Most interesting is her treatment of the infamous "911" attacks (pp 281-288). Our shared morality tries to prevent death and fear. Terrorism brutally violates that shared convention. Those who believe in God, Satan, and Demons felt their beleifs to be confirmed. Some aboard flight 93 acted like heroes in light of our shared morality, and attempted to stop the spread of fear and death, even though they had little or no hope of saving themselves...?
My questions: Was this terrorism moral or natural evil? Is there a difference? Why or why not? Is "Shock and Awe" warfare good or evil? Who can know beforehand whether an act of violence will do more to prevent death and fear than to incite further death and fear?
Are wars ultimately a matter of animals fighting over a carcass, with no moral element at all?
How does the problem of evil relate to peak oil? Is peak oil good or bad, or simply the way it is? Can human responses to Peak Oil be said to be good or bad, or are they simply whatever they are?
Whoa, have you guys goen philosophical today! Gotta' love it, folks actually thinking about goals, values and aesthetics, the driving engines (or as the guy who walked the walk as well as talked the talk, Albert Schwietzer said,, "What the West faces is essentially an ethical crisis."
Sadly, even he seems to have someone overlooked that great driving engines of philosophy, aesthetics, politics, organized religious dogma, engineering and design, and most of all economics....THE SHEER POWER OF HUMAN STUPIDITY. Great philosophical question: How often has what was seen as evil been nothing more than just plain stupidity?

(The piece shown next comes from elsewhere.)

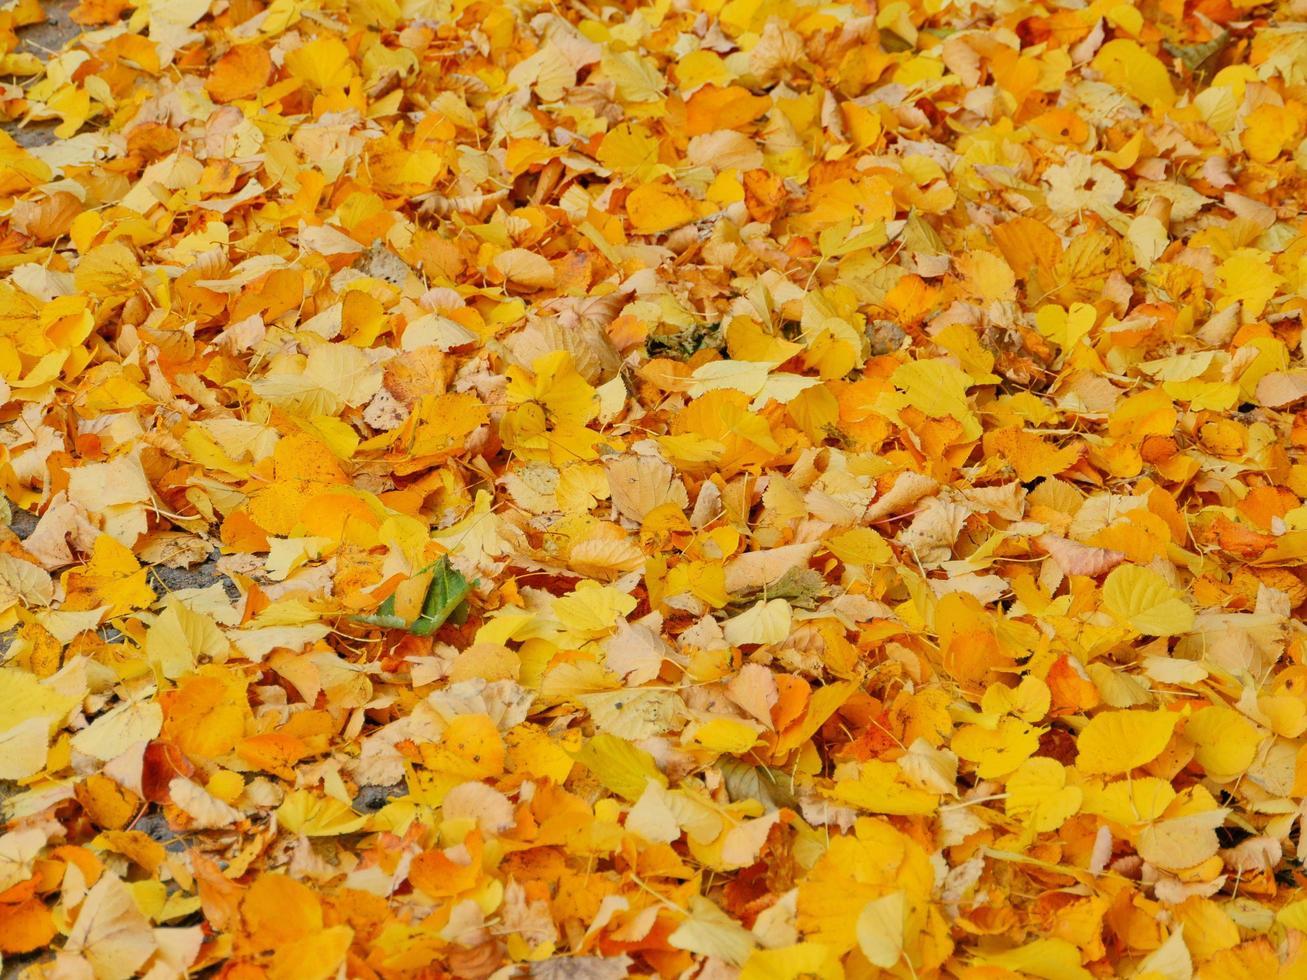 chute de feuilles jaunes, chute de feuilles d'automne, tapis de feuilles jaunes photo

Could it be that Schwietzer would have been more accurate to say, ""What the West faces is essentially a stupidity crisis."
Gotta' love it, then we could take things a bit less seriously and just enjoy the "play" of learning! That sounds childish. Indeed, our nation is becoming a nation of the old. Playing at learning and design and taking care of each other is becoming a lost art.
I have trouble trusting even an "old" kid who refuses to at play a little.
Roger Conner known to you as ThatsItImout
If one accepts the premise that good and evil are real, then Arendt's observations seem spot on to me.
If one accepts that "good" is the reduction of death, suffering, and fear, then "evil" might be seen as the proliferation of death, suffering, and fear. Our culture is good to the extent that we do the first, and evil inasmuch as we do the latter.
Jacques Ellul points out that the problem of evil in our complex culture is that evil is so diffuse throughout that we are unable to effectively identify or address evil.
That fits what I call "intentional ignorance" which is a reduction of one's field of focus to include only the bubble of personal peace and affluence of one's tiny life. Without context of the larger habitat as a reference, one's tiny "normal" life may be wreaking enourmous evil, especially together with others doing the same.
So evil is diffuse and banal and any who dare to point that out are marginalised or excluded from discussion. sometimes quite violently.